Титулярный советник Глинка принимает перечеркнутую бумагу и молча покидает генеральский кабинет.
Конечно, затесавшуюся не к месту запятую писец мог бы аккуратно выскрести ножичком, но генерал Горголи неумолим.
Едва Глинка, оправившись от болезни, приступил к исполнению должности, на его голову обрушилась немилость. Блюститель пунктуации в ведомстве путей сообщения при каждом недоразумении с запятыми требовал на расправу только Глинку, как будто именно этот помощник секретаря выверял все бумаги, стекавшиеся к грозному генералу.
Чиновники и писцы канцелярии Главного совета усматривали в действиях его превосходительства явную интригу, но никто не мог доискаться сокровенных ее пружин. Впрочем, крылись эти тайные пружины далеко за стенами путейской канцелярии. Верное объяснение могла бы дать, пожалуй, дочь генерала Горголи, баловница Поликсена. Дело в том, что молодой чиновник из канцелярии папà давно не пел с ней дуэтов у итальянца Беллоли. Молодой человек перестал посещать и семейные вечера, на которых капризничала Поликсена. Она терпеливо ждала раскаяния молодого человека и возобновления дуэтов, но, не дождавшись, решила: настало время мстить. А коли начнет мстить оскорбленная девица, тогда может быть полезна даже ничтожнейшая из запятых.
По счастью, служебные неприятности помощника секретаря ограничивались кабинетом генерала Горголи.
Первоприсутствующий граф Сиверс был попрежнему расположен к способному чиновнику и аккуратно оповещал его о своих музыкальных собраниях. Если же Глинка манкировал, Егор Карлович недоуменно вскидывал близорукие глаза: кто мог отвлечь молодого человека от Моцарта? Граф размышлял об этом и на службе и дома.
Именно в такую минуту к его сиятельству зашел Шарль Майер, только что кончивший урок с юной графиней Долли. Егор Карлович взял музыкального учителя под руку и молча прошелся с ним по кабинету.
– Не находите ли вы, сударь, – начал граф, – что весьма старательный чиновник, которого вы столь удачно рекомендовали моему вниманию, не оправдывает возложенных на него надежд?
Шарль Майер не сразу уразумел, о ком идет речь, но, поняв, что граф говорит о Глинке, ответил:
– Могу вас уверить, ваше сиятельство, что этот молодой человек превзойдет все наши ожидания.
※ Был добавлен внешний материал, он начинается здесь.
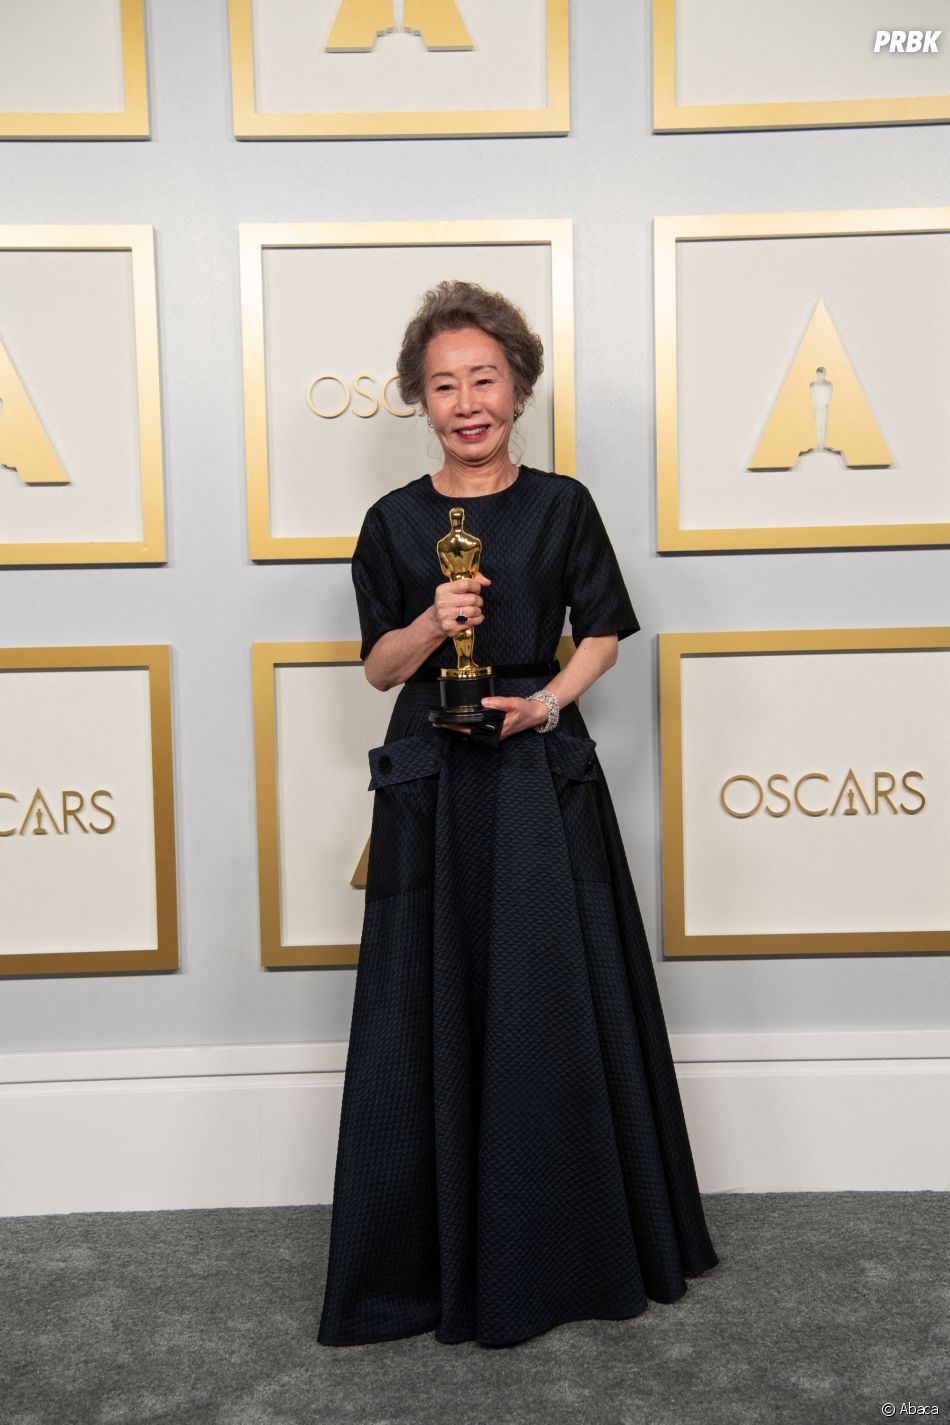 Oscars 2021 : Nomadland, Soul et The Father gagnants, le palmarès complet. Ici,  Yuh-Jung Youn

Я не знаю, вправе ли я открыть доверенный мне секрет… – Но тут почтенный маэстро решился. – Я слышал удивительные арии и монументальные хоры, – говорил он, расхаживая с Егором Карловичем по кабинету. – Они способны потрясти душу и украсить лучшую из опер. Притом молодой человек образовал из сборных музыкантов первоклассный оркестр, и даже наемные певчие поют у него, как ангелы. Не могу понять, когда и где преуспел этот удивительный артист?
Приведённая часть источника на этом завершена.